I stare at him for a long second and whisper to myself, "How do people just... do that?"
He looks so calm it almost makes me jealous. His hair's a little messy, a strand falling across his forehead. There's this softness to him when he sleeps — the hard edges gone, all the quiet turned gentle.
My heart squeezes a little.
Ugh. Gross. Feelings.
My gaze slides down to his sketchbook, the one resting in his hand. It's half open — pages fanned just enough that I can see pencil marks, but not the actual drawings.
My fingers twitch.
No. Don't do it. That's his private stuff. He'd hate that. Respect boundaries, Eliora.
But my brain doesn't care about boundaries. It's whispering: Just one peek. One tiny peek. He won't even notice.
I bite my lip and stare at the book like it's a cursed treasure chest.
"I shouldn't," I mumble. "That's rude."
Silence.
"...But what if he drew me?"
Immediately, my brain goes into overdrive.
Did he? No, probably not. But what if he did? He sketches everything. What if there's a page somewhere with a tiny, scribbly me on it, mouth open mid-yap?
The idea makes my cheeks warm.
I glance back at him. Still asleep. Still peaceful.

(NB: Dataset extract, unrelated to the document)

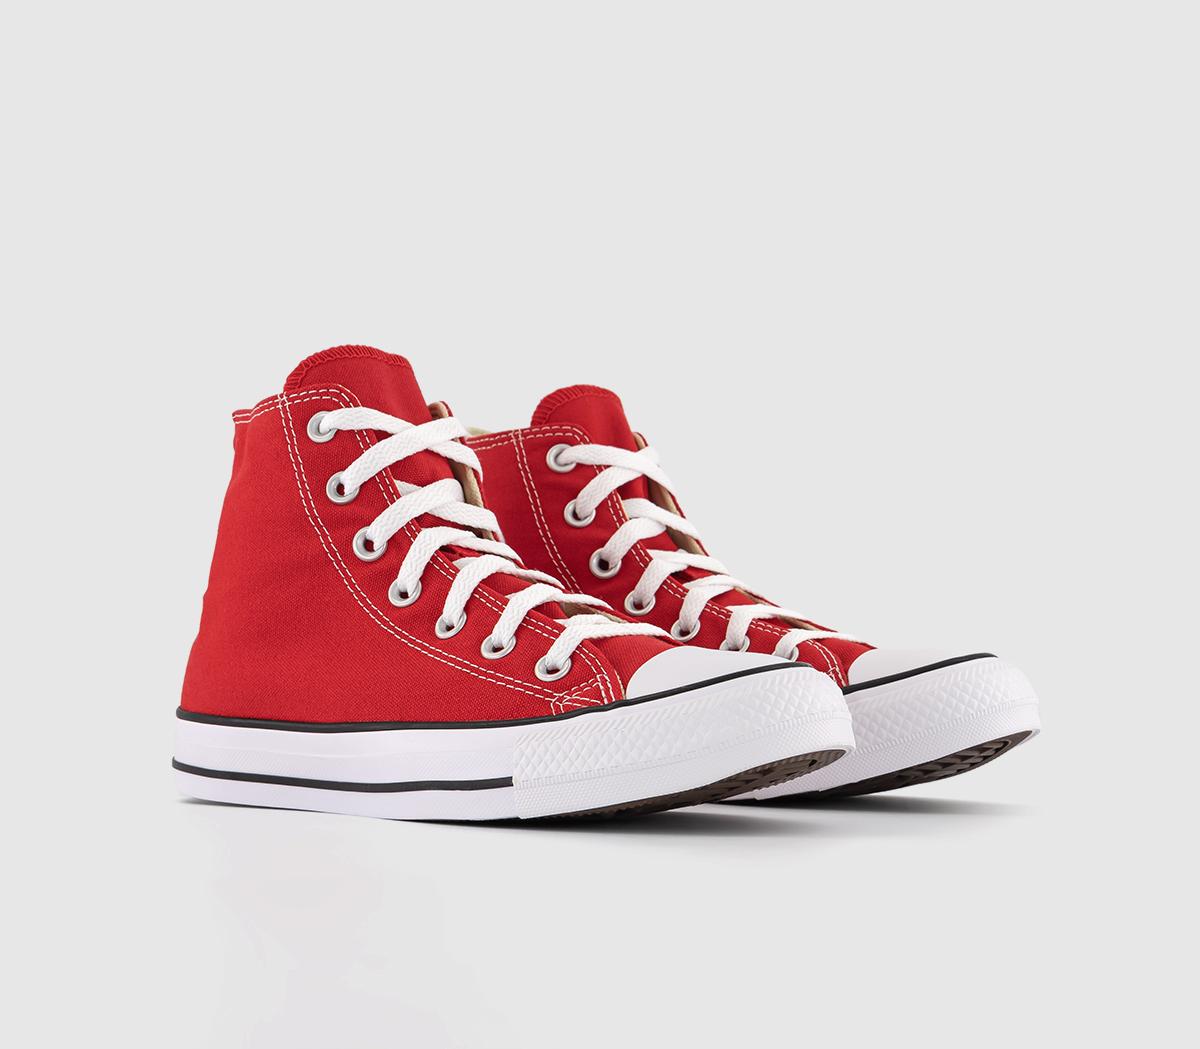 Converse All Star High Top Red, White And Blue Canvas Printed Trainers, 7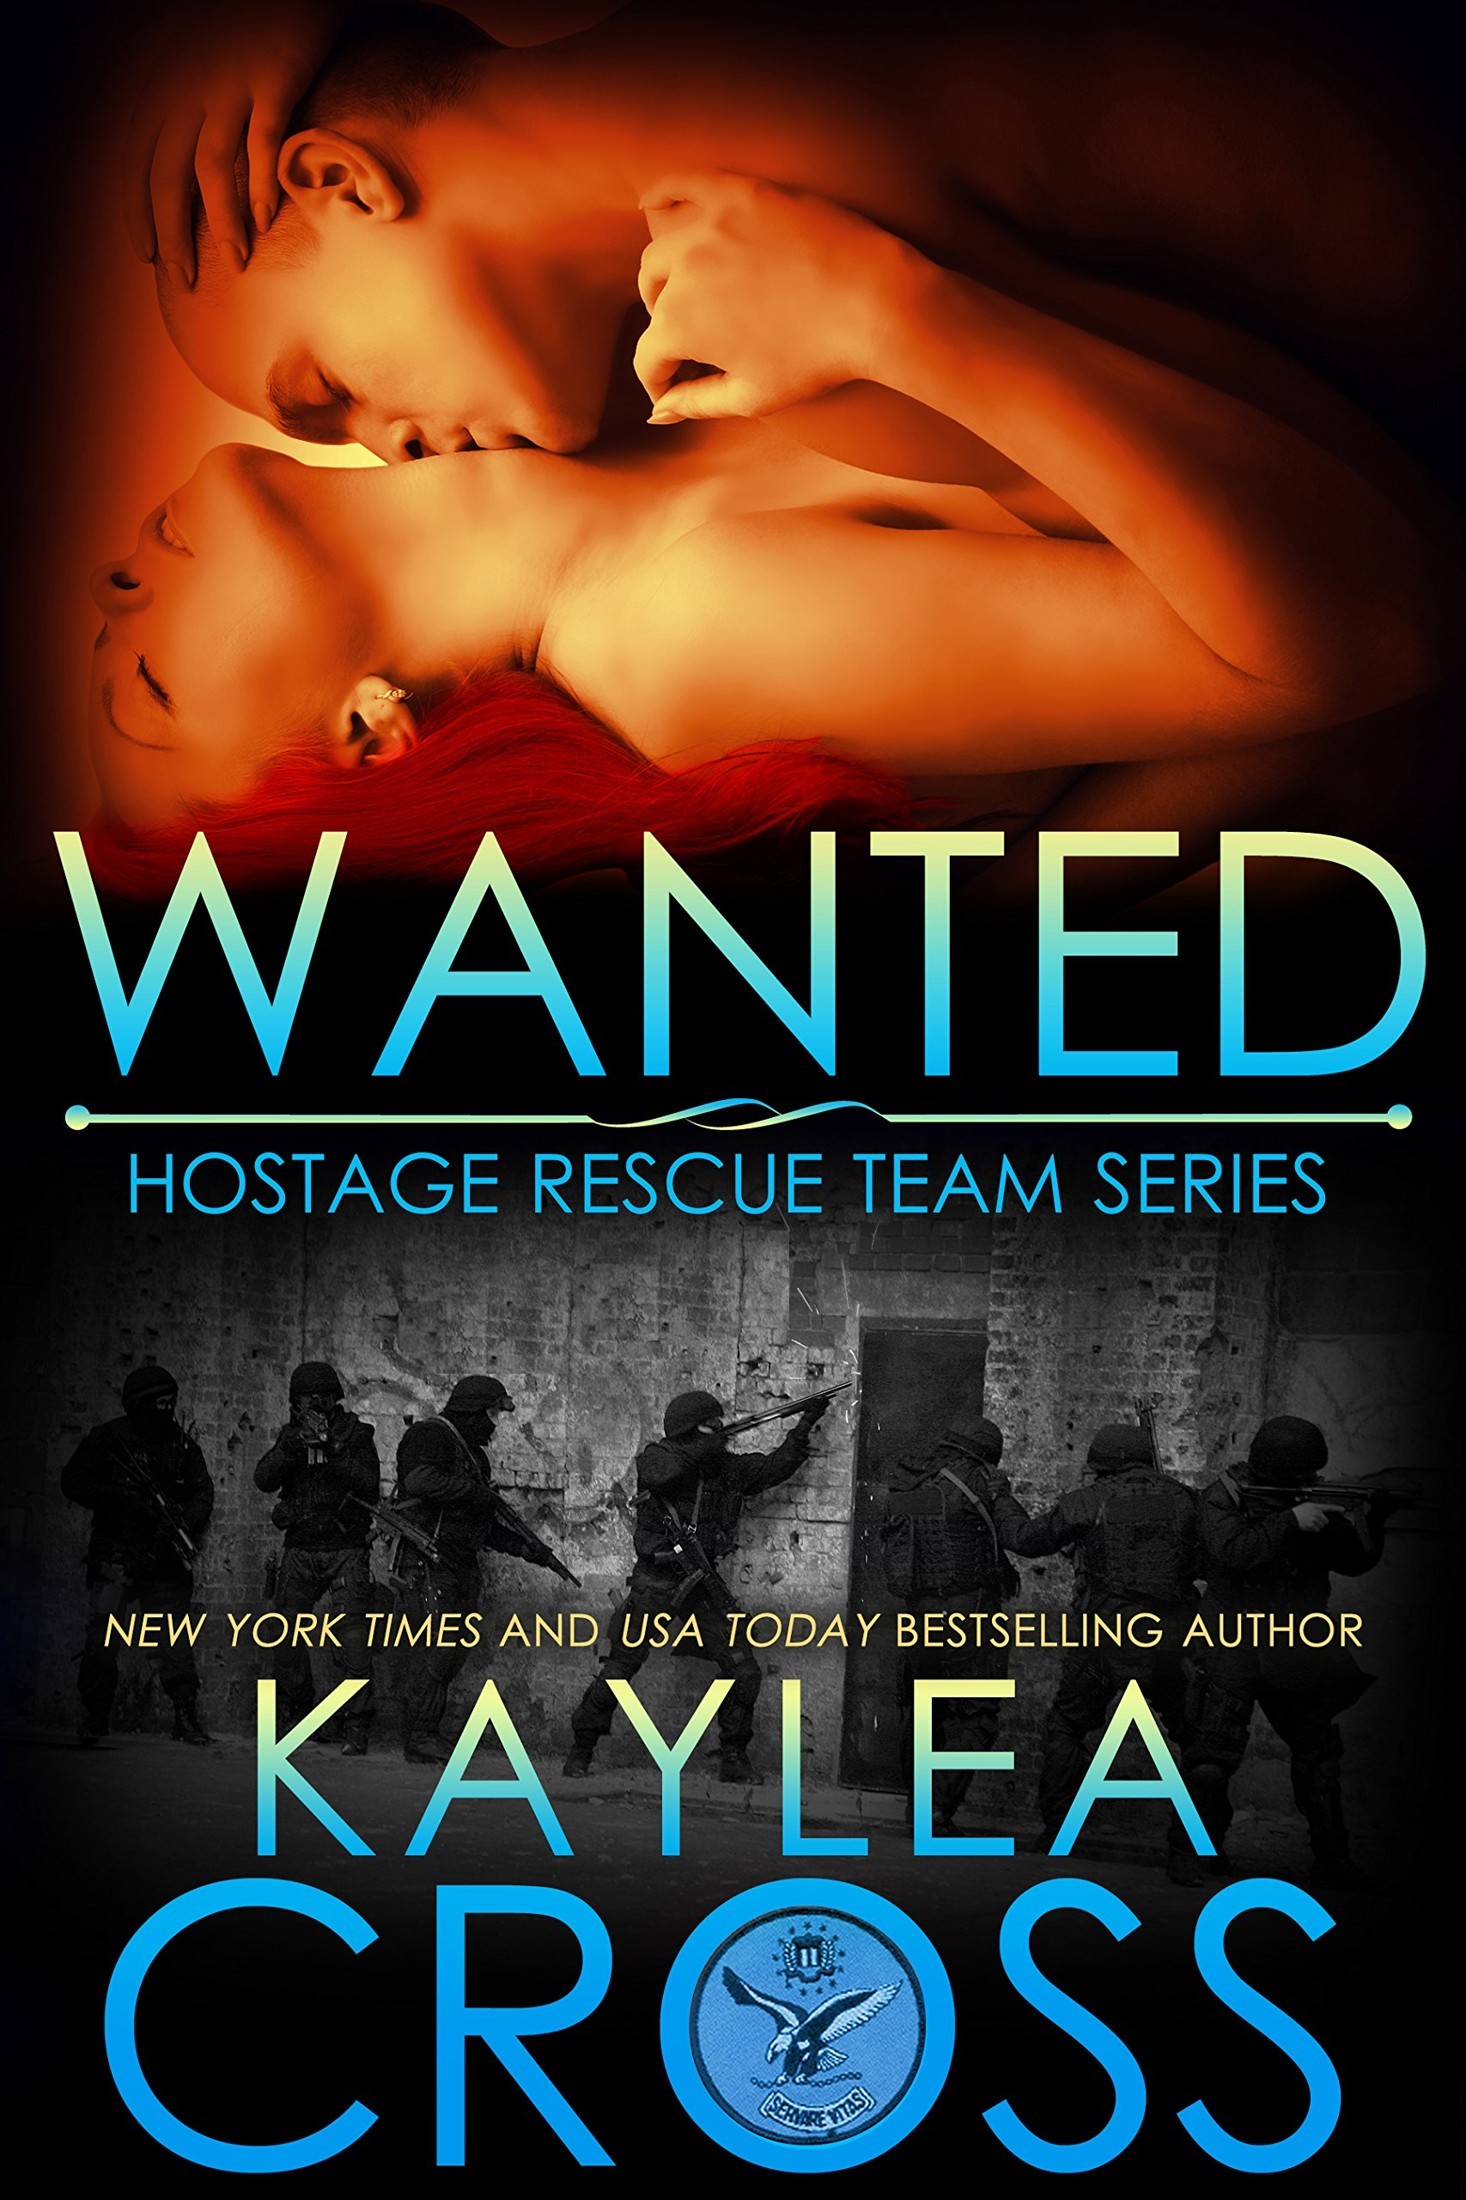 Wanted (Hostage Rescue Team Series Book 8) by Kaylea Cross

Still unfairly pretty for someone who spends half his life coughing into tissues.
"Just one look," I whisper. "Quick. Harmless. Curiosity won't kill the cat. Probably."
I reach out slowly, carefully — my fingertips hovering an inch above the sketchbook.
My heart monitor beeps faster.
Traitor.
I freeze. "Shh!" I whisper at it. "Don't rat me out!"
Calian stirs — just a little — and I yank my hand back like I touched fire. My chest is pounding now, a mix of guilt and adrenaline.
Okay. Maybe this is a sign. Don't do it. Don't snoop.
But then again... he is asleep. And what if he drew something really beautiful? What if he drew something sad, and I could finally understand what goes on in that quiet head of his?
My fingers twitch again.
No. No, Eliora. Bad. Stop it.
I cross my arms, glaring at the book like it personally insulted me. "You're evil," I whisper. "Pure evil."
For a few long seconds, I just stand there — debating, pacing quietly beside his bed, my heart doing that fluttery race it always does when I'm up to something.
He shifts again, murmuring something under his breath. I freeze mid-step.
He exhales slowly, eyes still closed.
I let out the breath I didn't know I was holding and whisper, "Fine, fine. I won't touch it."
I glance down one last time. The edge of a drawing peeks out — a curved line, faint shading, maybe the start of a face.
My curiosity screams. My conscience screams louder.
I sigh, frustrated, and whisper to the sketchbook, "You win this round."